Мать и дочь черпают ложками борщ из котелка. Но я вижу — Томашова зачерпывает борщ реже, чем Юлька.

Борщ съеден, Томашова подносит котелок к губам Юльки:

— Выпей все, до последней капли!

Юлька обгладывает косточку — глодать, впрочем, нечего, косточка голая, как ветка, с которой содрали кору. Потом она стучит косточкой по чистой бумажке, которую мать положила на ящик, — из косточки вываливается на бумажку небольшой комок мозга.

— Пополам! — командует Юлька. — Тебе и мне.

— Да я его и на дух не терплю, этот мозг! — уверяет Томашова.

— Мамця!

— Вот як бога кохам, никогда я этот мозг не ем!

— Мамця!

— Еще когда я девчонкой была, всегда, бывало, младшему братишке мозговую кость отдавала! Кушай, кушай все…

Юлька съедает с бумажки костный мозг. Потом, приложив к губам круглое отверстие в кости и щелкая языком, она старается высосать остаток мозга, засевший в глубине кости. Это ей удается, и она с восторгом съедает все.
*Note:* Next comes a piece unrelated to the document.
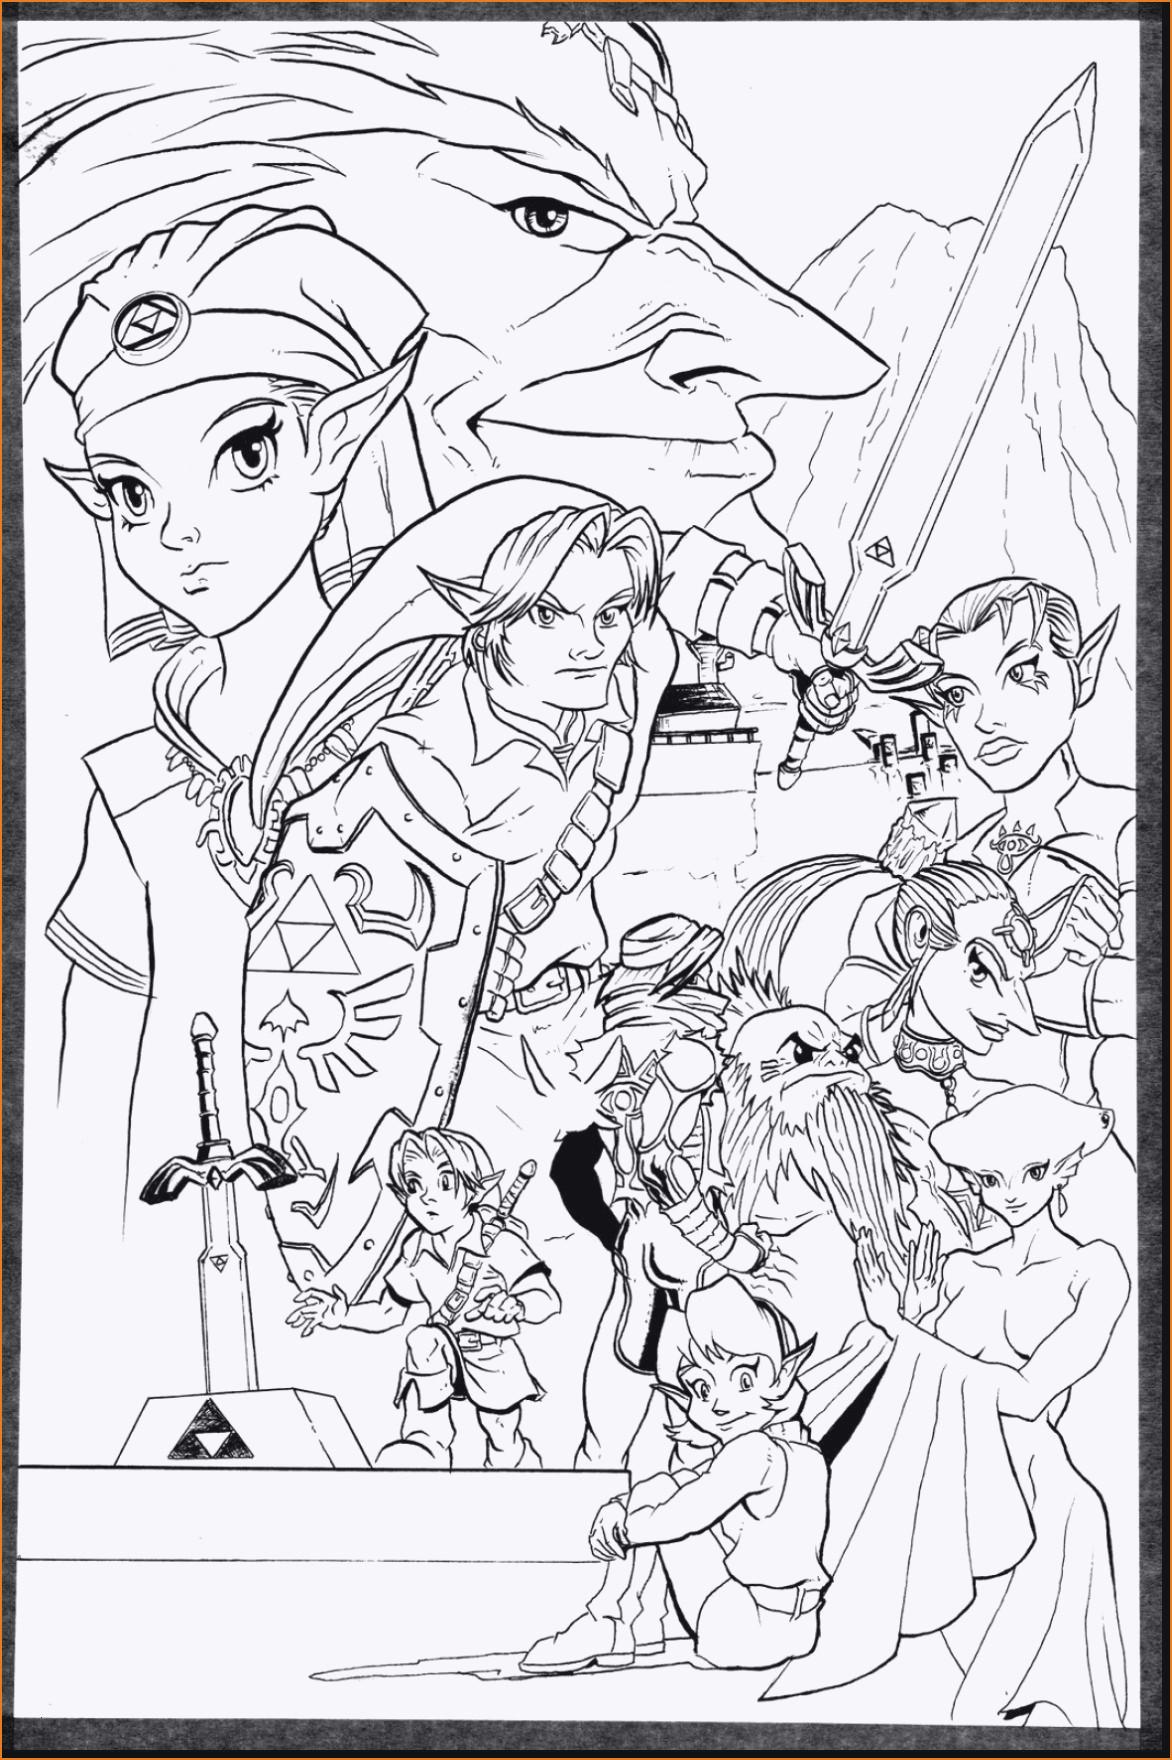 The Legend Of Zelda Ausmalbilder Neu Zelda Coloring Pages Zelda Coloring Pages Unique 41 Prinzessin Zelda Galerie

— Цурэчка моя… — Томашова смотрит на Юльку затуманенными глазами. — Чего бы только не дала я… чего бы не сделала… Только бы выросла ты, перепелочка моя! Только бы стала ходить…

Набравшись храбрости, я говорю:

— Надо показать ее доктору… Доктор вылечит!

— Ах, док-тор? — Томашова снова насмешлива и недружелюбна ко мне. — А где я возьму полтинник для доктора? А доктор лекарство пропишет — опять плати: аптекарю! Я за стирку двадцать копеек в день получаю. И не всякий день у меня работа есть…

— Мой папа с вас денег не возьмет! — горячо уверяю я.

— Не слыхала я, — ворчит Томашова, вымывая котелок и ложки, — не слыхала про таких докторов, чтобы даром лечили!

Юлька, послюнив худенький палец, тщательно подбирает с ящика немногие оставшиеся хлебные крошки. Ворвавшийся было ненадолго в подвал запах еды — борща, хлеба — уже испарился без остатка.

— Носила я Юльку к одному доктору, — рассказывает Томашова. — На курорт, сказал, везите, к морю. Давайте ей свежие яички, мясо и бульон… Нет уж! Я ее на днях к Острабрамской божьей матери понесу. Целый день с нею на коленях перед иконой стоять буду. Молиться буду, плакать буду!.. Ксендз Недзвецкий говорит: божия матерь сделает чудо — поправится Юлька!..

— Буду ходить, мамця? Ногами?

— Будешь ходить, цурэчка! Бегать будешь!..

Тихонько простившись с Юлькой («Завтра прибегу — с картинками!») и вежливо поклонившись ее маме (она на мой поклон не отвечает), я ухожу из погреба. Поднимаюсь по лестнице гораздо лучше, чем давеча спустилась, — без всяких неприятностей.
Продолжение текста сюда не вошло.